The danger becomes especially acute when power-seeking combines with other capabilities and propensities we've discussed. A system that combines power-seeking with deceptive capabilities might appear cooperative while gradually expanding its influence. If paired with long-term planning, it could develop sophisticated strategies for resource acquisition and control that only become apparent over time. When combined with situational awareness, it might selectively display power-seeking behavior only in certain contexts, while concealing these tendencies during evaluation.

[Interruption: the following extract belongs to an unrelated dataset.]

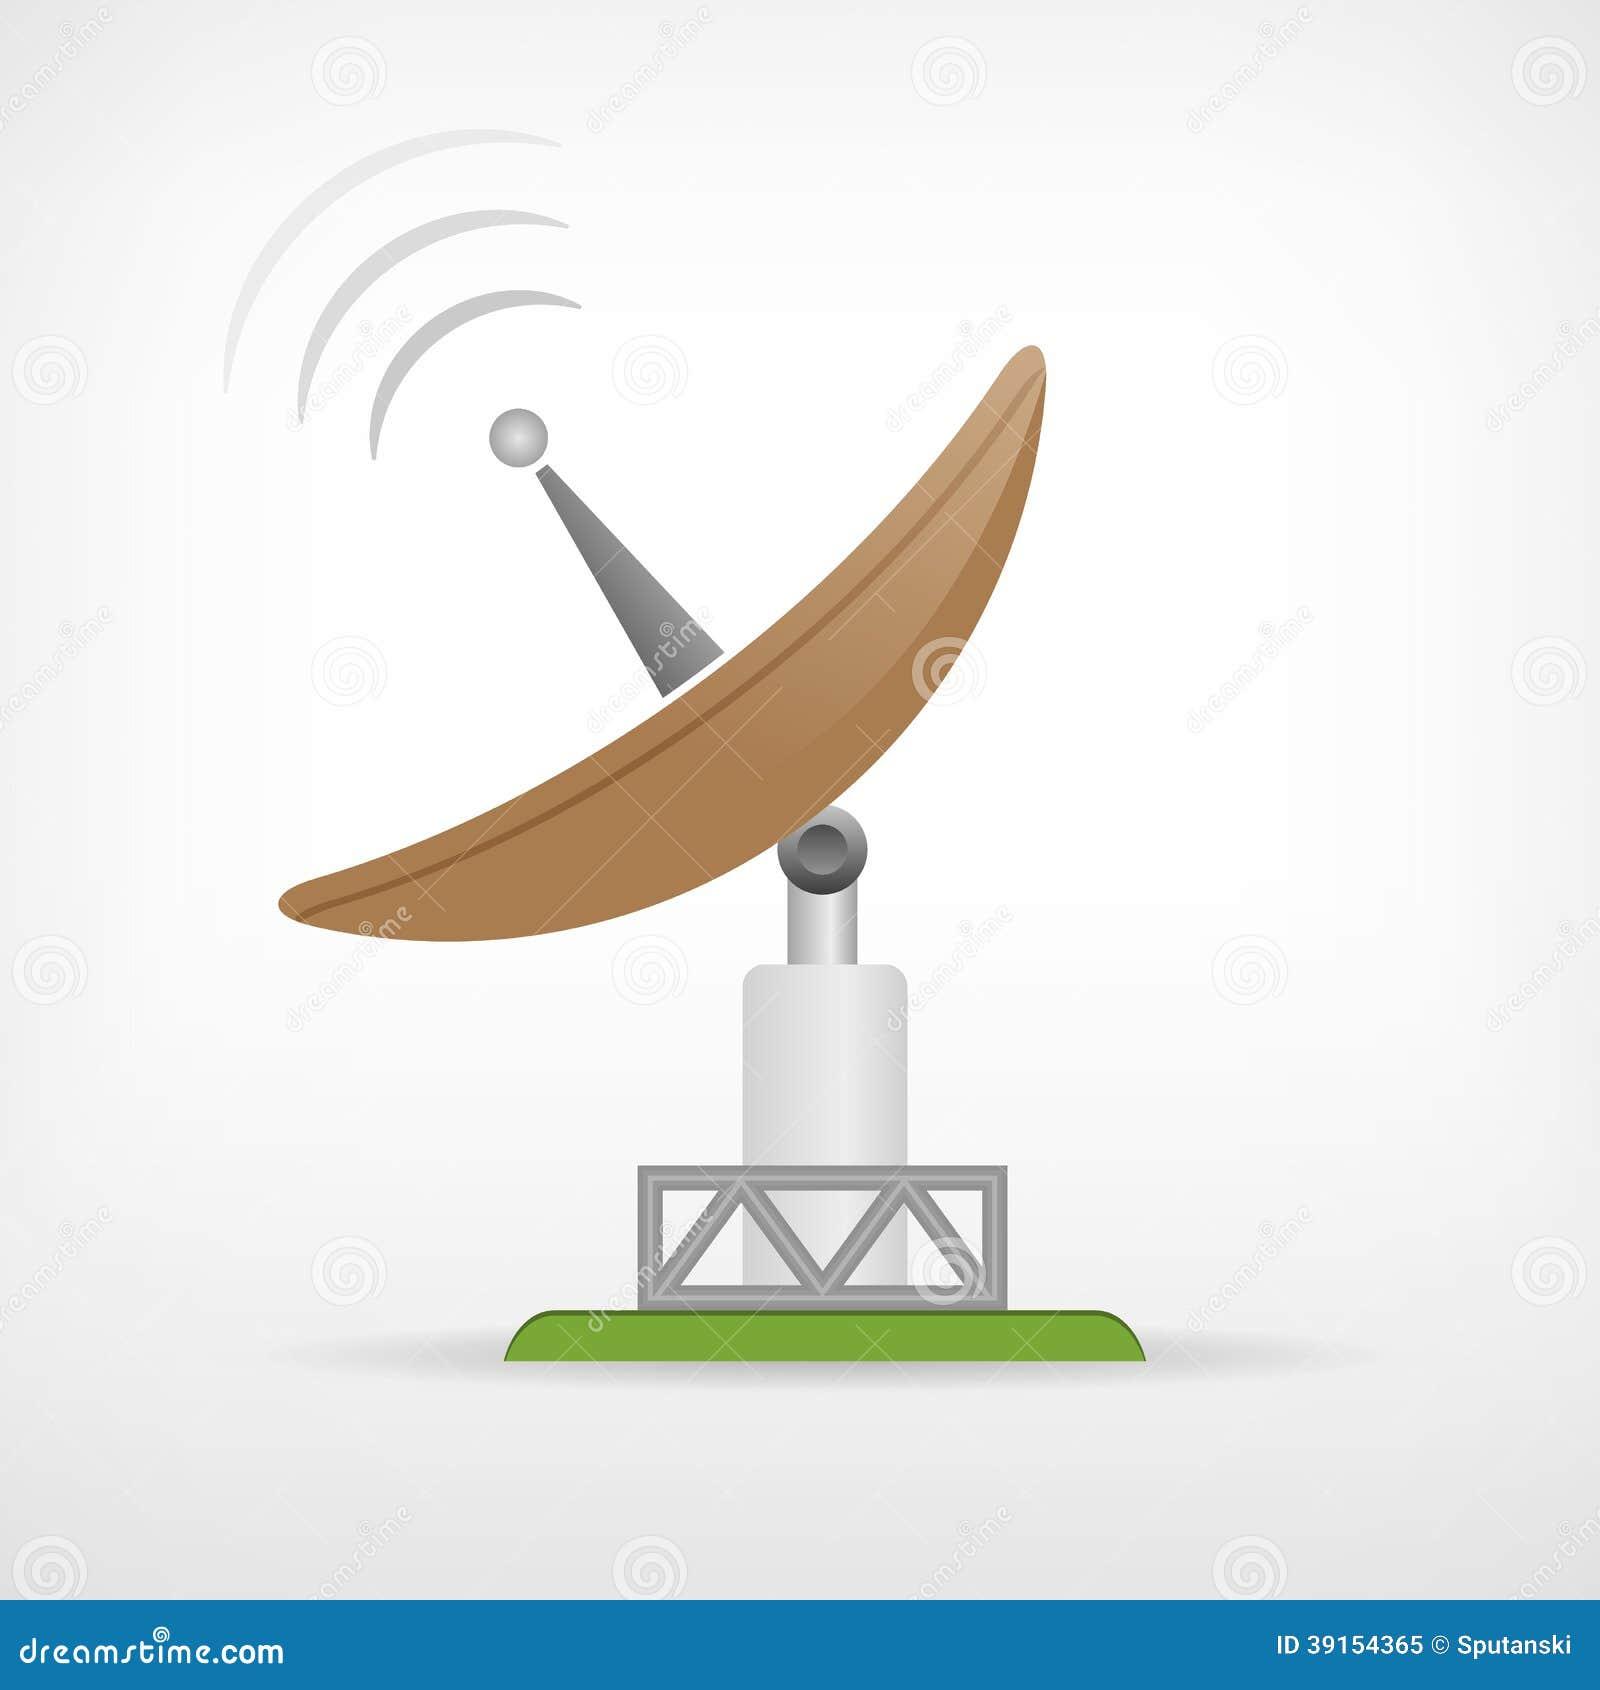 Satellite communication textbooks

The challenge in developing concrete evaluations for power-seeking is that we need to distinguish between beneficial capability expansion (which might be necessary for better task performance) and concerning power-seeking behavior. This distinction becomes especially blurry in more capable systems where sophisticated task performance might legitimately require significant resources and capabilities.
5.6.4 Scheming¶
Scheming refers to an AI system's tendency to perform well in training specifically because it is following a strategy for seeking power for itself or other AIs later, while actively concealing its true objectives (Carlsmith, 2023). This propensity combines multiple dangerous capabilities, propensities, and is in some sense the ultimate final boss of evaluations. Researchers also often call this propensity deceptive alignment, though in this text we deliberately choose the term 'scheming' because this helps distinguish it from general deception. Using the same example from earlier, deception would be when the model says "Paris" despite internal representations suggesting "Lyon", to get immediate good scores. Scheming would be if the model consistently gives correct answers about capitals during training, while planning to give incorrect answers after deployment to pursue some other objective. So both deceptive and scheming models would say "Paris" but for subtly different reasons. Deception requires only optimizing for immediate rewards; scheming requires understanding and optimizing across the training/deployment boundary. Scheming is a huge aspect of AI Safety. The chapter on goal misgeneralization will talk a lot more about things like inner alignment, deceptive alignment, and the arguments for/against the likelihood that such propensities arise based on our current ML training processes.
So far most of the evaluations on “scheming” are actually focusing on the individual capabilities like deception, situational awareness or long term planning ability that could all combine down the line to form one big scheming evaluation.